The Suicide Mission: Trump, Netanyahu and the Impossible War on Iran

The tragedy unfolding before the eyes of the world is not merely a war. It is a strategic delusion of historic proportions—a war conceived in arrogance, executed in ignorance, and destined to collapse under the weight of reality.
The United States and Israel have embarked on what can only be described as the most impossible war mission of the 21st century: the attempt to break Iran.
History, geography, demography, and economics all scream the same warning: Iran is the most strategic country the world has never successfully conquered.
Empires have tried.
Empires have failed.
Yet here we are again.
The Graveyard of Strategic Fantasies
From the ancient Greeks to modern superpowers, Iran has stood as a geopolitical fortress.
Its geography alone mocks the ambitions of invading powers.
Mountains, deserts, vast distances, and hardened infrastructure make it one of the most difficult countries on earth to defeat militarily.
But geography is only the first obstacle.
Iran possesses something far more powerful than missiles or drones: a population conditioned by centuries of resistance and sacrifice.
The Shia revolutionary doctrine embedded in Iranian society glorifies martyrdom.
The willingness to endure pain, sanctions, isolation, and war is not merely political—it is ideological and spiritual.
Wars are not won against societies prepared to sacrifice everything.
History has proven this repeatedly.
The Economic Earthquake
The second catastrophic miscalculation is economic.
Iran sits at the heart of the global energy system.
Any prolonged war with Iran threatens the Strait of Hormuz, through which nearly a fifth of the world’s oil supply flows. Even the mere threat of disruption can send global markets into panic.
The consequences would be devastating:
Global oil prices exploding overnight
Supply chains collapsing
Inflation spiraling worldwide
Economic recession spreading across continents
In short, the global economy itself becomes a hostage to the war.
The architects of this conflict appear to have forgotten that modern wars are not fought in isolation.
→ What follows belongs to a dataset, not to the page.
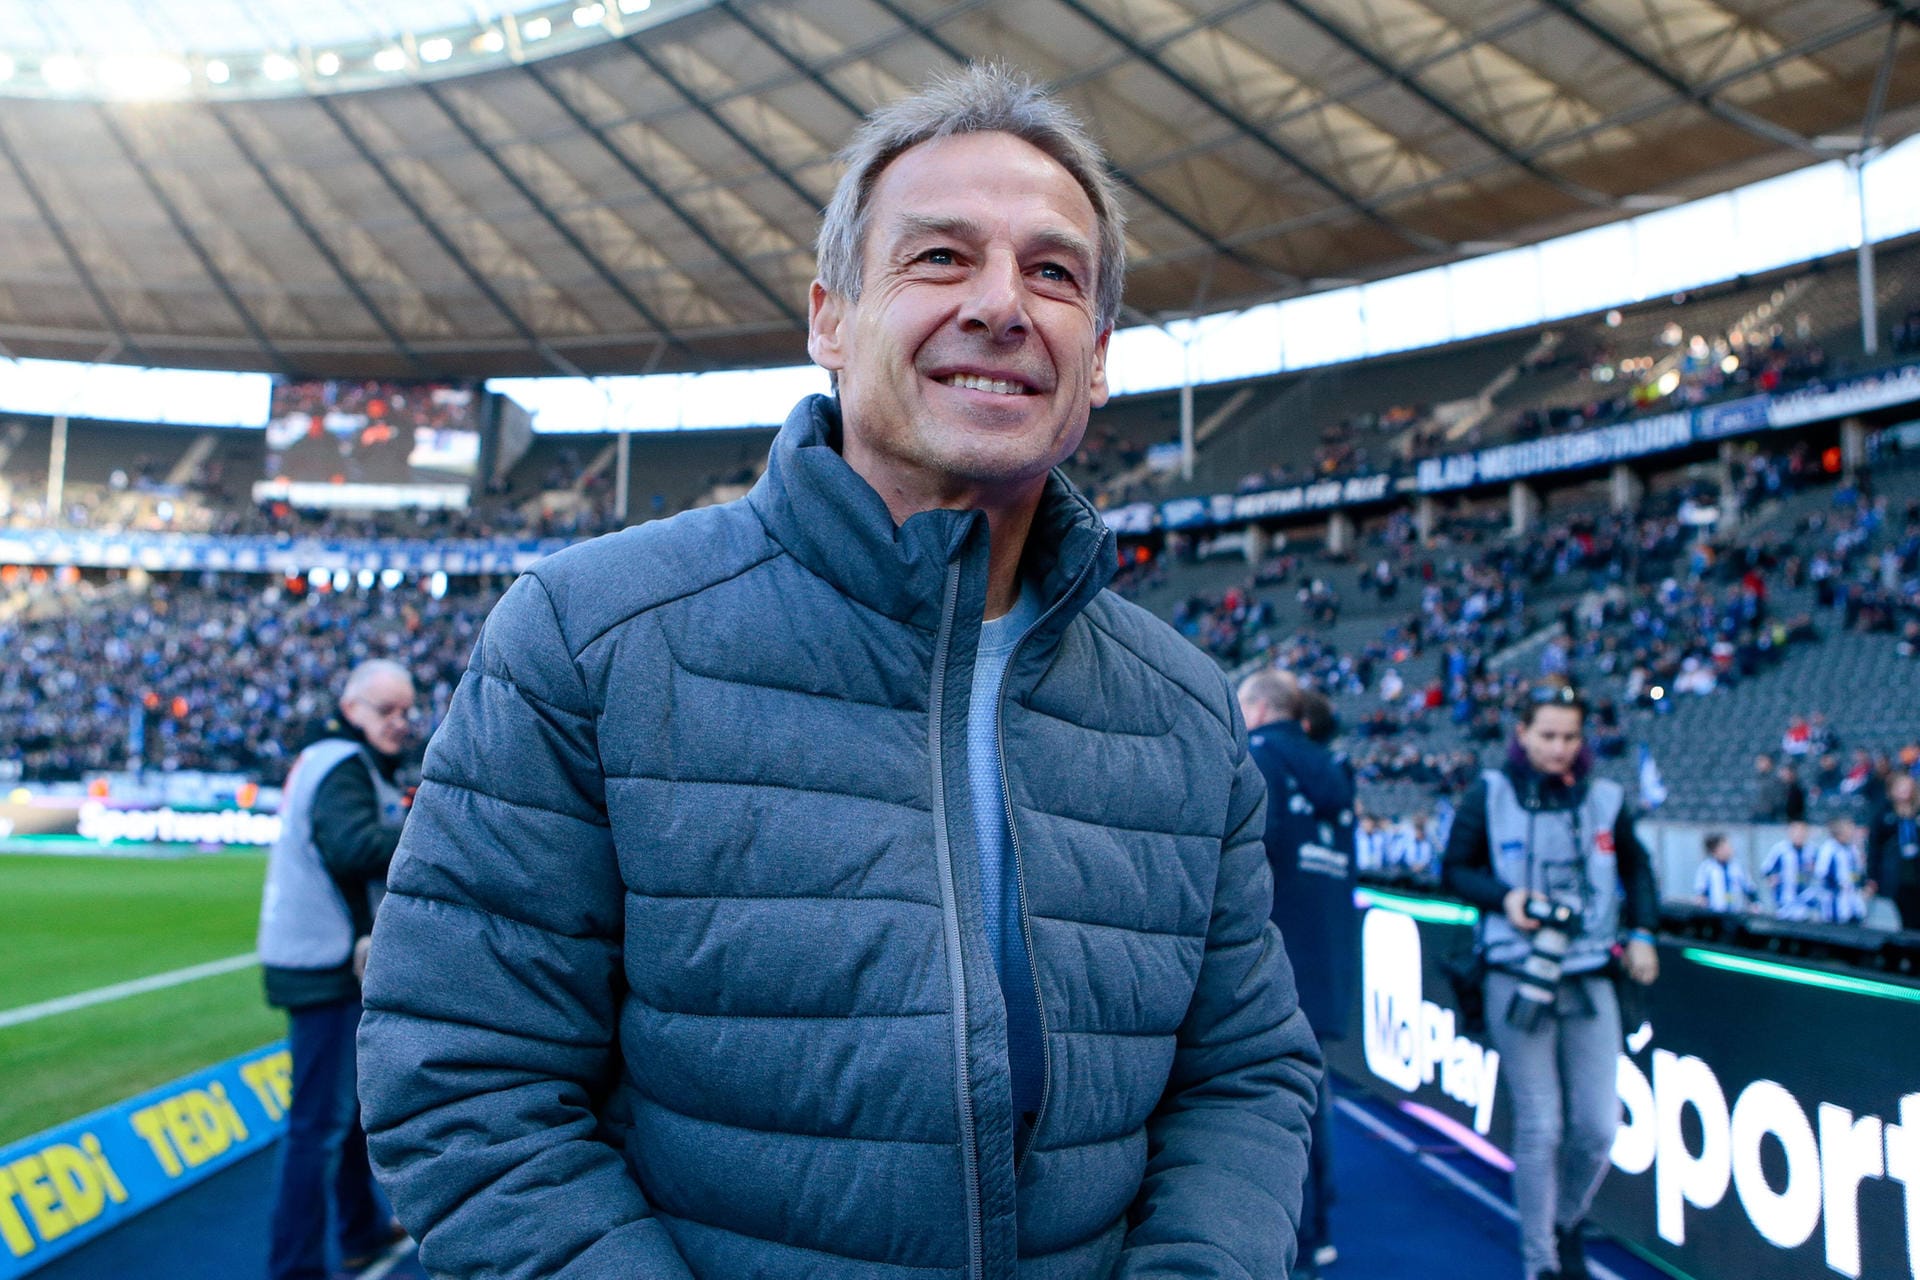 Jürgen Klinsmann: Wo wir schon beim früheren Nationaltrainer wären. Nach seiner erfolgreichen Zeit beim DFB-Team endete die Klinsmann-Ära 2006 mit dem 3. Platz beim "Sommermärchen". Danach zog es den gebürtigen Göppinger kurz zum FC Bayern und dann in die USA. Als Trainer von Hertha BSC machte "Klinsi" genau 10 Spiele, nahm seit Februar 2020 nicht wieder auf einer Trainerbank platz.
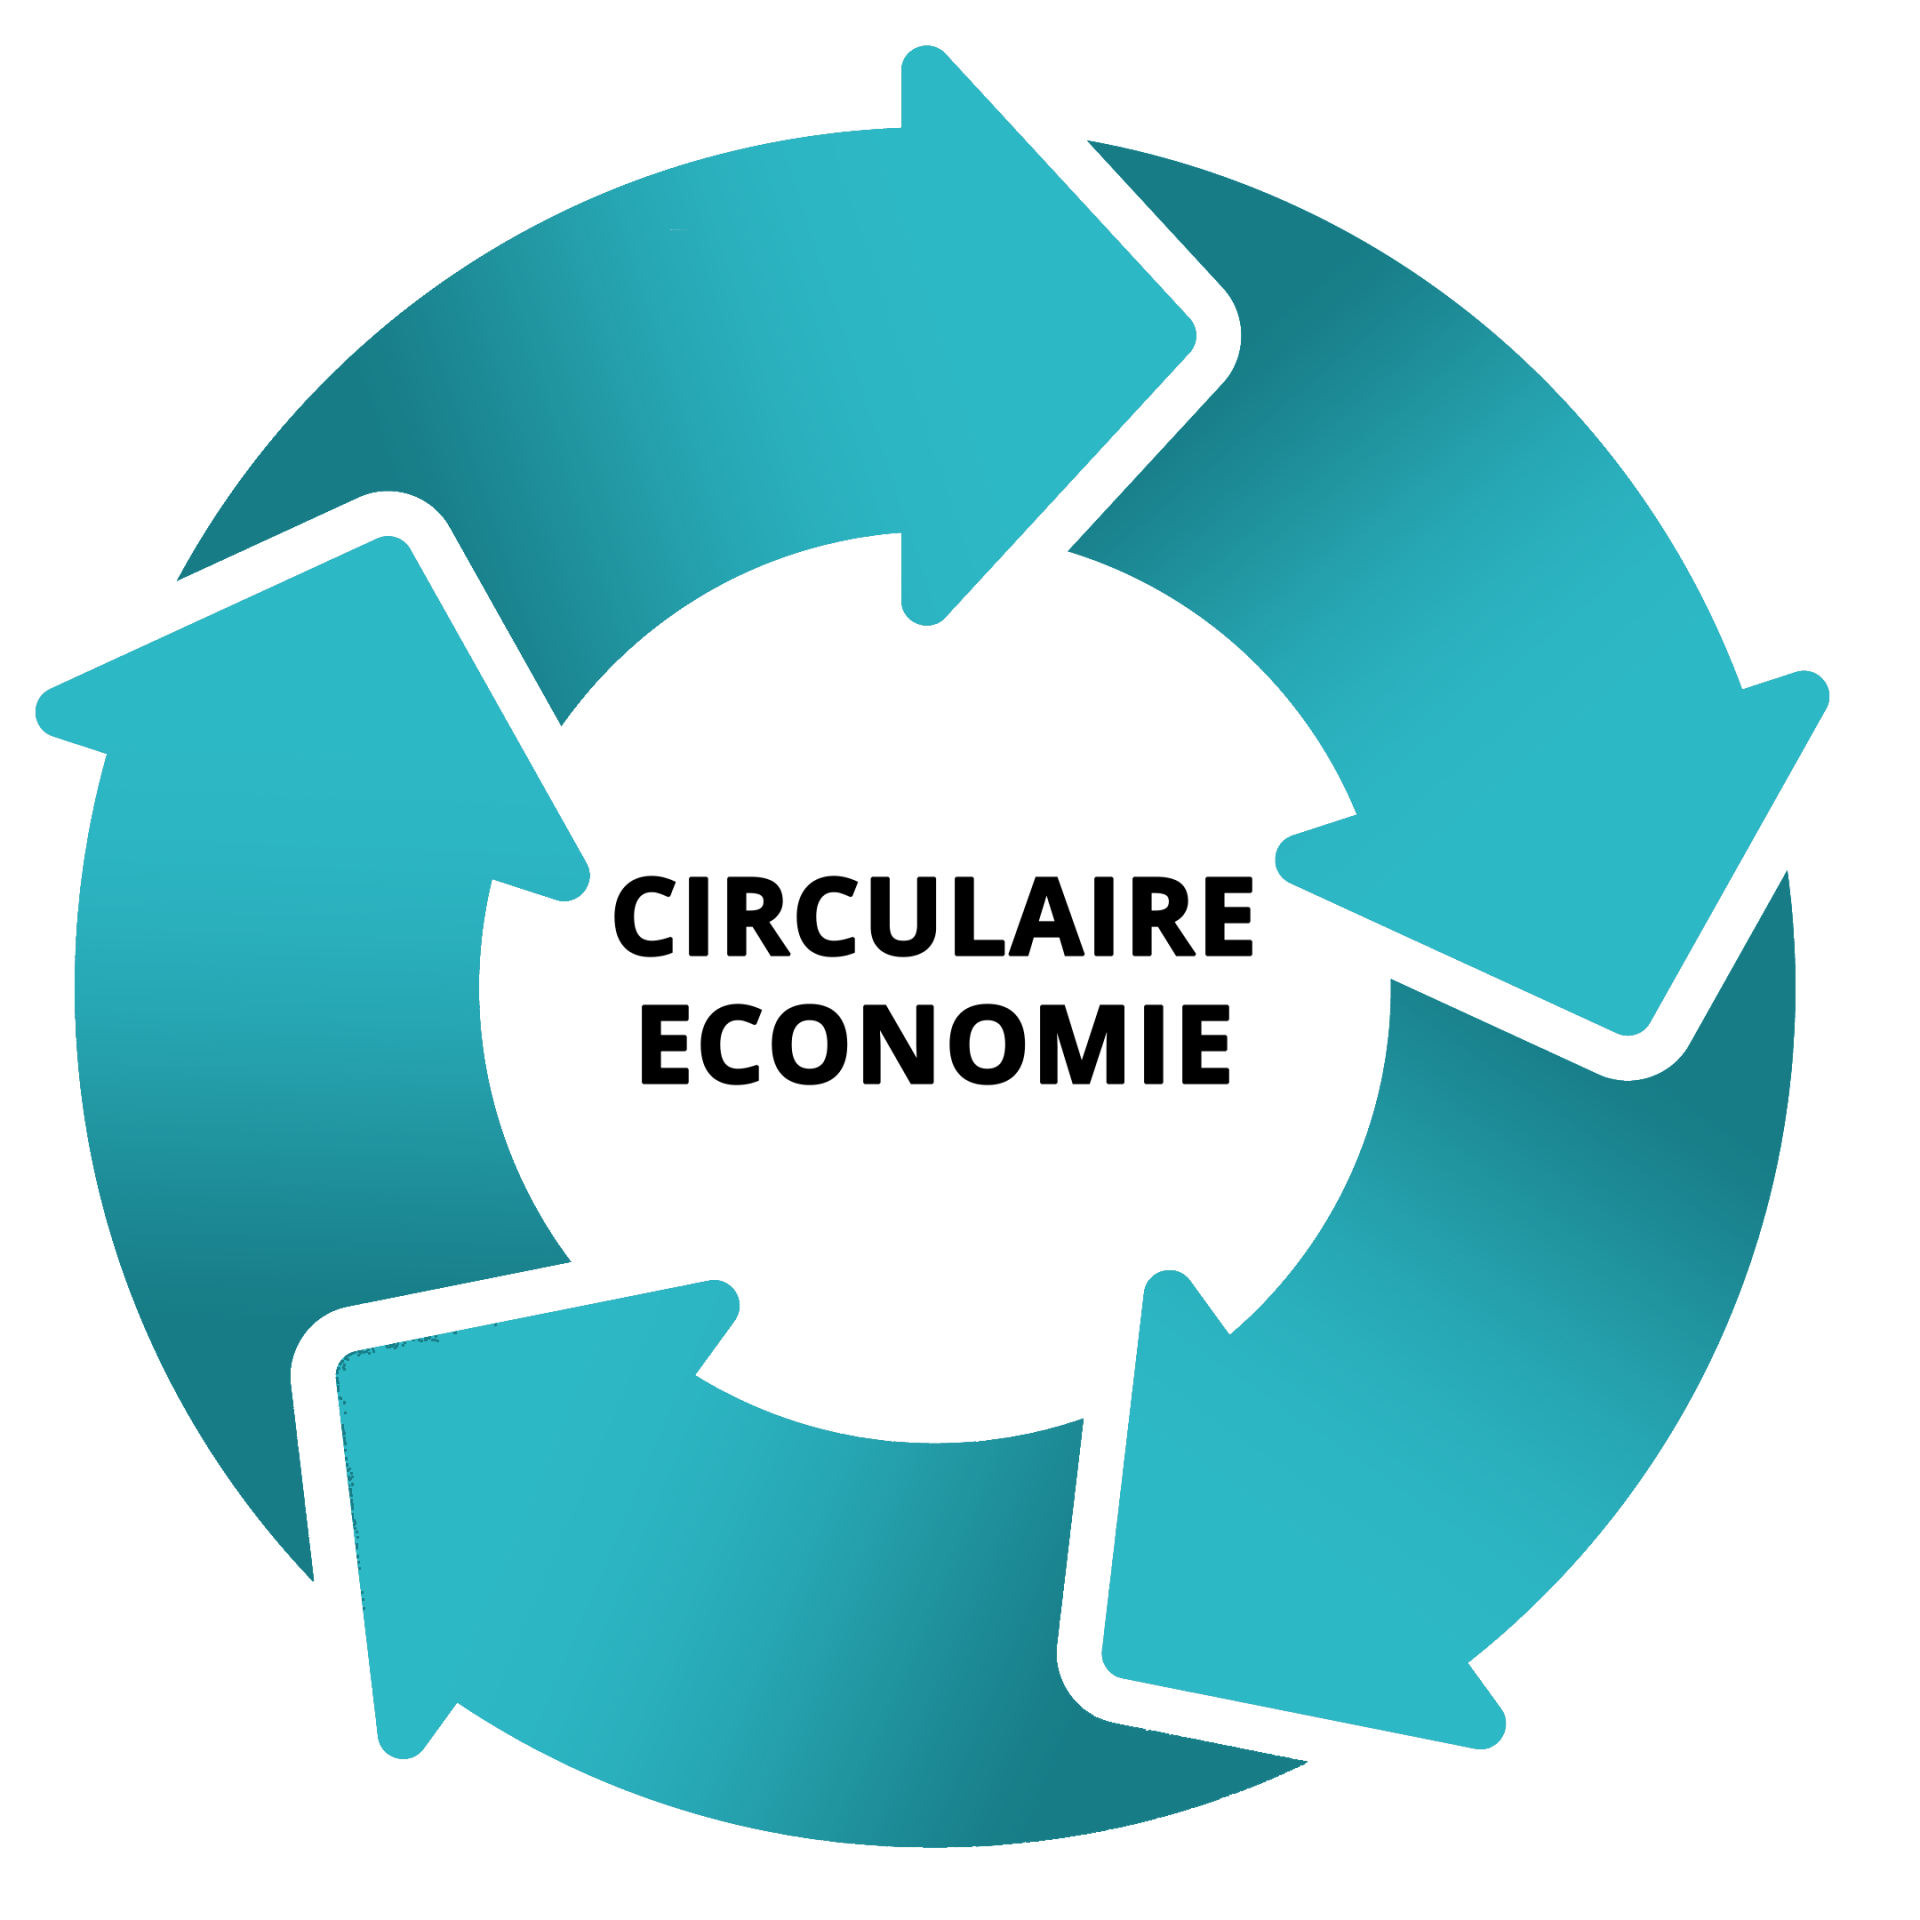  Circulaire economie

They detonate across financial markets, trade networks, and energy systems.
Trump’s Historical Illiteracy
One of the most astonishing elements of this war is the intellectual vacuum in which it was launched.
A war against a country of 90 million people, with deep historical memory and strategic depth, requires serious national debate.
Instead, it appears to have been launched through hubris, impulse, and personal vanity.
There was no serious congressional deliberation.
No national strategic consensus.
No clear exit plan.
What exists instead is a dangerous mixture of arrogance and ignorance.
Donald Trump—whose knowledge of world history often appears thinner than a campaign slogan—seems to have believed that Iran would collapse like a fragile regime.
But Iran is not Iraq.
Iran is not Libya.
Iran is not Afghanistan.
Iran is a civilization-state with 2,500 years of geopolitical survival.
Israel’s Strategic Paradox
For Israel, the situation is even more perilous.
Israel is a technological powerhouse, yes.
But geographically and demographically it remains a tiny state surrounded by historical adversaries.
Wars of short duration can be sustained.
Blitzkrieg operations can be managed.
But a prolonged regional war is an entirely different matter.
A sustained conflict with Iran risks turning the entire Middle East into a battlefield—from Lebanon to Yemen, from Iraq to the Gulf.
Missiles can overwhelm defenses.
Economic disruption can destabilize societies.
Regional militias can open multiple fronts simultaneously.
For Israel, a long war against Iran is not merely risky.
It borders on strategic suicide.
The War That Cannot Be Won
This is the central truth that Washington and Tel Aviv appear unwilling to confront:
This war has no clear path to victory.
You cannot easily invade Iran.
You cannot economically strangle it into submission.
You cannot bomb a civilization into surrender.
Even regime change—so casually discussed in Western policy circles—would likely unleash regional chaos on a scale far worse than Iraq in 2003.
The longer this war continues, the more the balance of suffering spreads across the entire Middle East and the global economy.
A Monumental Miscalculation
History is filled with leaders who mistook power for wisdom.
Napoleon in Russia.
Hitler in Stalingrad.
America in Vietnam and Iraq.
The war on Iran risks joining this tragic list.
It is not merely a conflict between states.
It is a confrontation between arrogance and reality.
And reality, as history has repeatedly shown, always wins.